体験版は新学期から五月中旬まで。どこかで見たことのある絵だなあと思ったら、グロビュールの絵師さんでした。水彩画の背景や学生たちの方言など、味があって良い。女子たちの対立など陰湿な面も色濃く有りますが、そんな中で気配り屋さんの杉山には癒されます。杉山と白沢の出会いの場面は、艶があって綺麗でした。まだ序の段階で終わっているので、これからどういう方向へ展開していくのかは判りませんが、この独特の空気には惹かれます。


はちゅねピグ(仮) 体験版
(配布終了) 【HP】礼門屋 【ジャンル】ADV 【プレイ時間】7分 【容量】16.6MB 【ツール】LiveMaker 【備考】2009/4/1限定配布 【更新日】2009/5/9
今話題の●ーカロイドを注文した25歳ニートの志亭範太のもとに、なぜかツインテールロリっ娘の「はちゅねピグ」が届く。小生意気なピグに言いくるめられ、仕方なくピグを調教することに……。

2009年エイプリルフール限定ゲーム。服の色が変わりまくる配達員やら、通りすがりのモザイク犬やら、いつの間にか死んでいるトンヌラやら、わりとあちこちで笑ってしまいました。最初に入力したプレイヤーの名前はどこへ行ったんだよ!と思っていたら、最後のキャラ紹介に思いっきり怪しく出てきて噴いた。ミクもどきのロリ娘を素っ裸に剥くのは、ちょっとヤバくないですかね。ちなみに、この「はちゅねピグ」のゲームは本当にあった企画だけれど諸事情で製作中止になったそうで。少し残念です。


漆宮章吾は二度死ぬ 超体験版
(配布終了) 【HP】TRANSPARENCY 【ジャンル】ADV 【プレイ時間】10分 【容量9.82MB 【ツール】吉里吉里2/KAG3 【備考】2009/4/1限定配布 【更新日】2009/4/21
若き天才探偵でありながら、最高に体が弱く死にやすい体質の漆宮章吾。頻繁に依頼を受けることができないため、名声も無いに等しい。
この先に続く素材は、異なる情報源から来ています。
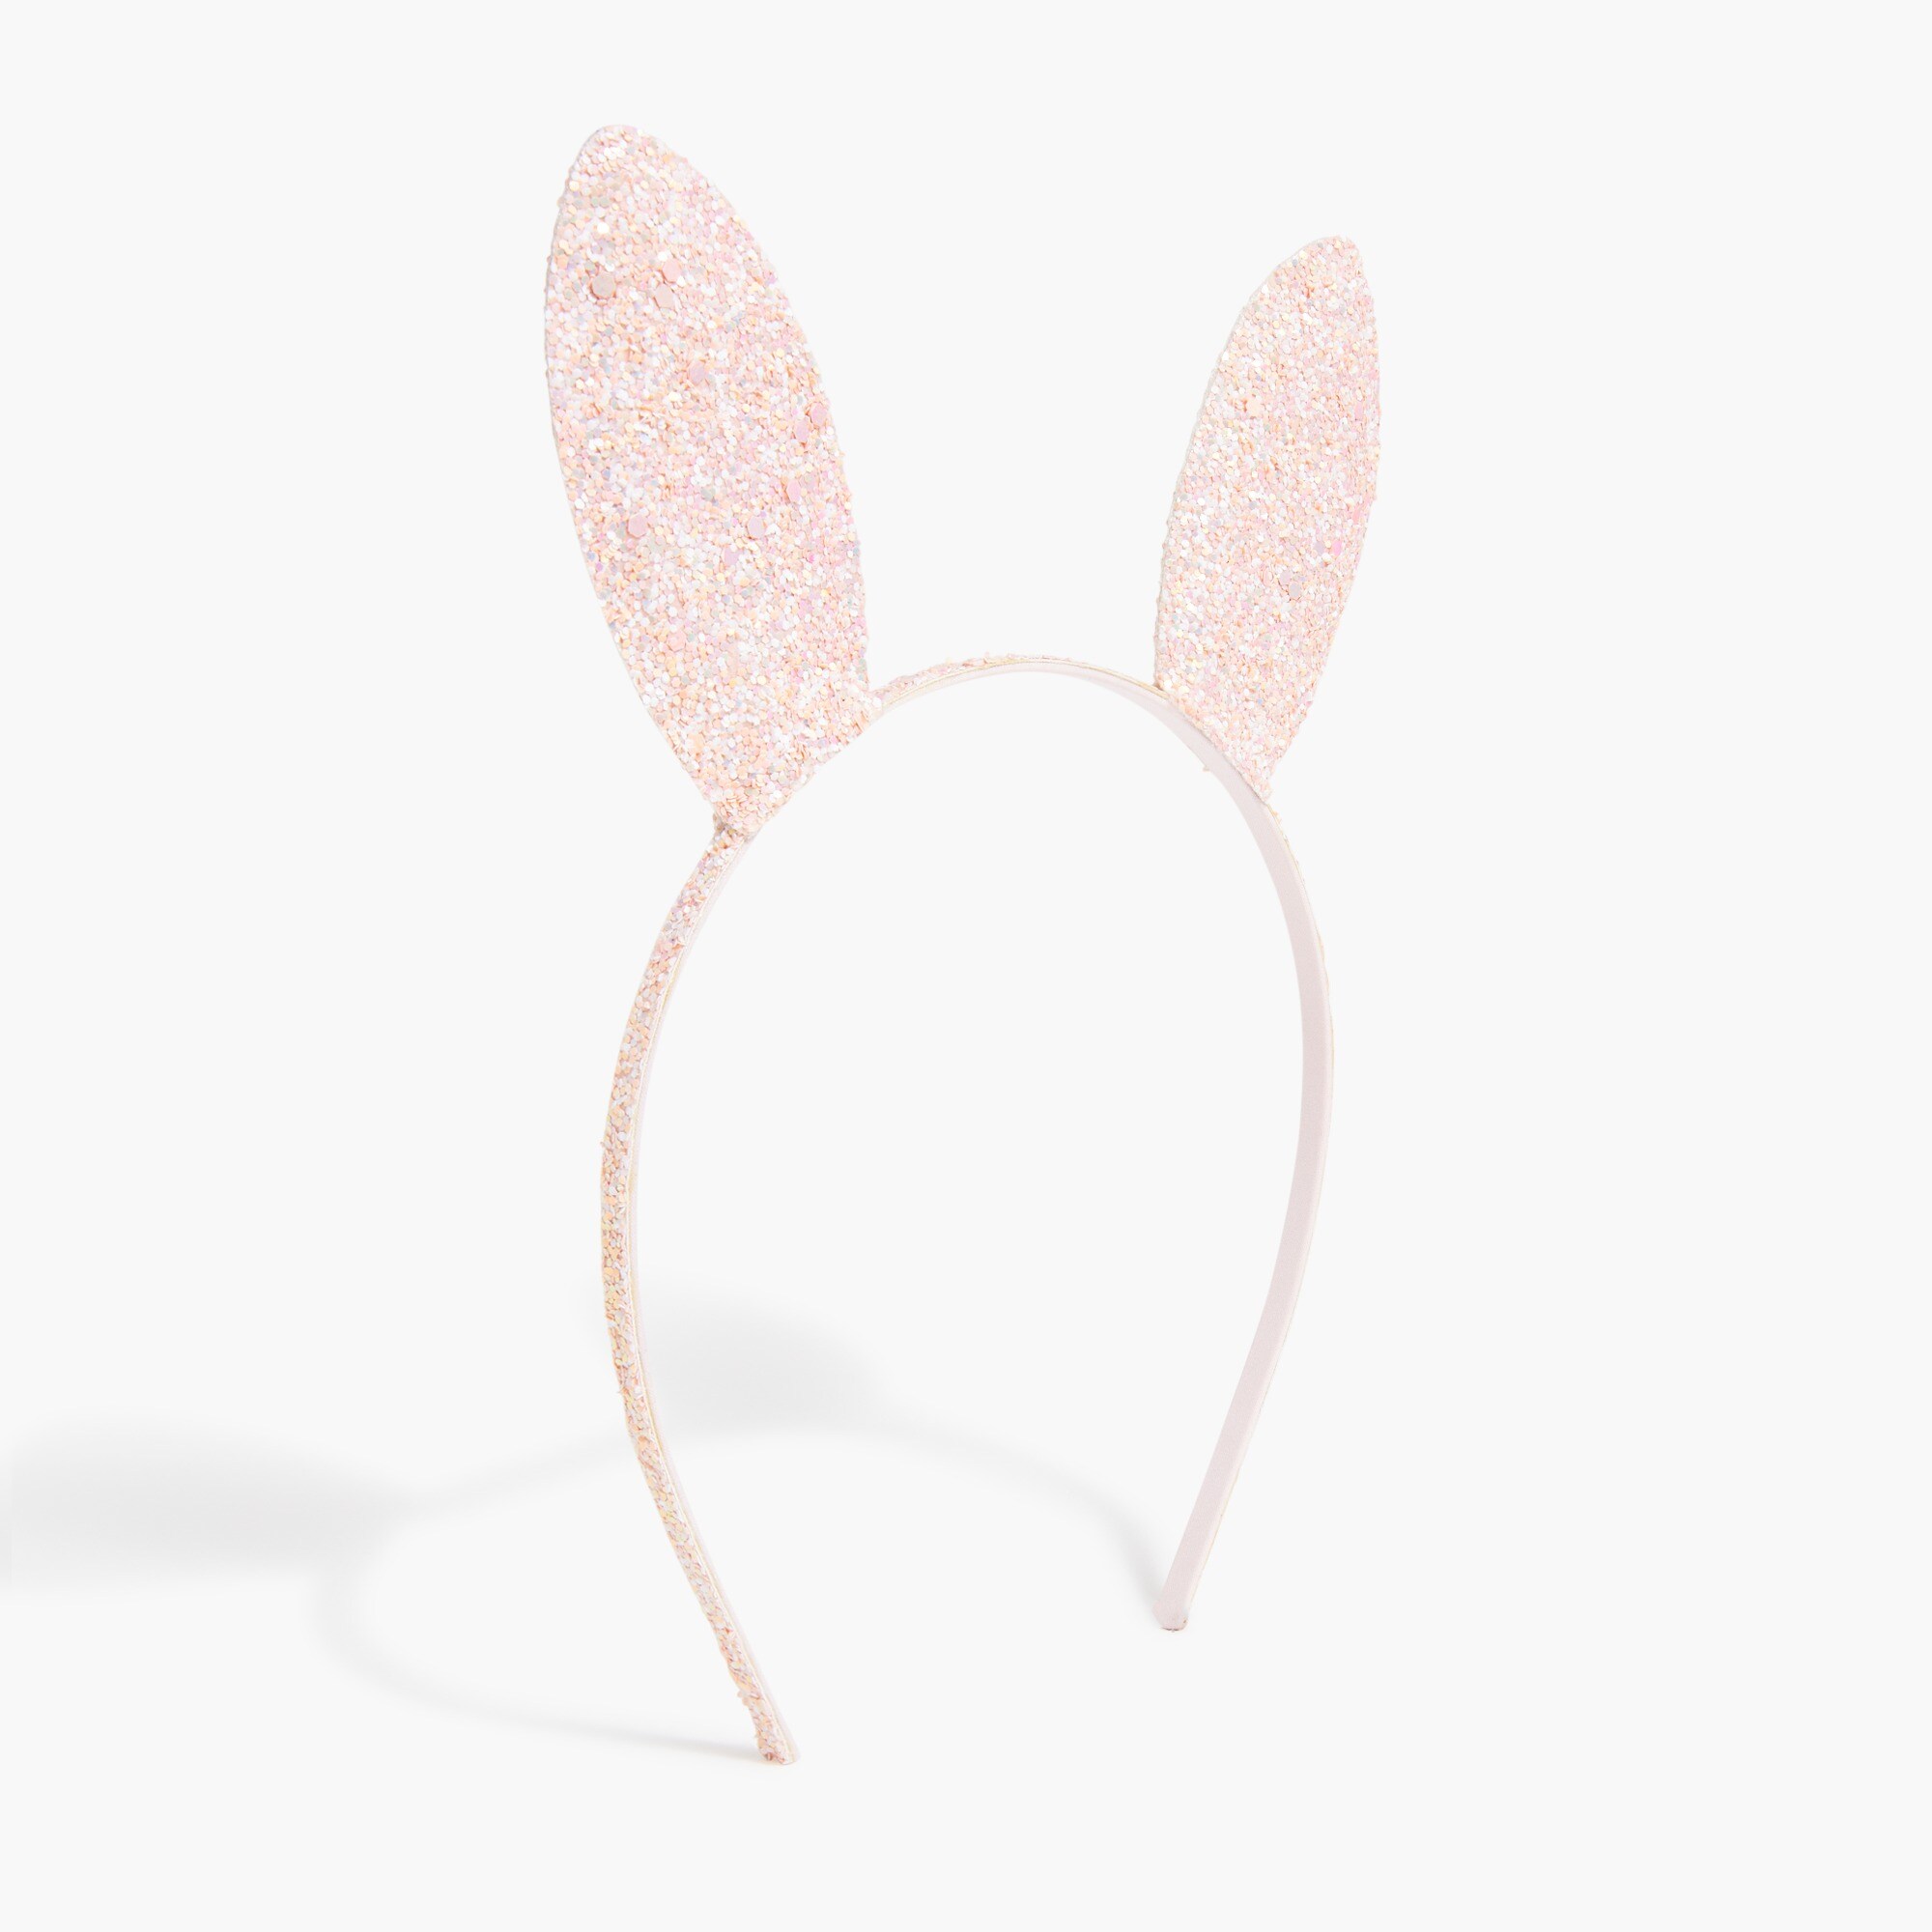  Girls' bunny ear headband

そんな漆宮の事務所へ、親交のある寒川刑事が訪れる。寒川から譲り受けたのは、財界で有名な三田バツの主催するクリスマスイヴ前夜祭の招待状。気の進まない漆宮だったが、押しかけ弟子の桐原カムイコムイの駄々に押し切られ、仕方なくパーティーへ参加することに……。
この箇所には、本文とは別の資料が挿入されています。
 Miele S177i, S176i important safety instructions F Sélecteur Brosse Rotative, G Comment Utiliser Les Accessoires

2009年エイプリルフール限定ゲーム。パーティー会場のホテルへ到着したあたりで体験版終了。事件すら始まっていない段階で終わってしまうのが残念ですが、短いシナリオながらも、絵はなかなか豊富でした。どうでもいい選択肢で、しょうもないバッドエンドへ直行してしまうのが笑える。2007年エイプリルフールに漆宮の企画を公開されて以降、本当に製作したりしなかったりされているようですが、果たして完成される日は来るのでしょうか。タイトル画面のバックにいる事件の関係者っぽい人たちが気になる。


夏繰れの明暗 体験版
(配布終了) 【HP】空色天体博物館 【ジャンル】都市伝説系ノベル 【プレイ時間】10分 【容量14.3MB 【ツール】LiveMaker 【備考】2009/4/1-5限定再配布 【更新日】2009/4/5
大学院生の竹沢桂秋は、都市伝説などの『噂』の蒐集家。都市伝説系のWEBサイト『ミタことないはズの手帳』の管理人もやっており、各地からの噂を集めている。ある日、高校生の妹・文月がサイトの常連のさくらさんとの約束を勝手に取り付けてきた。とある地方の山の中で行われる「ククリメサマ」と呼ばれる神のお祭り。その古の祭りに兄妹が招かれた時から、事件は既に始まっていたのだ──。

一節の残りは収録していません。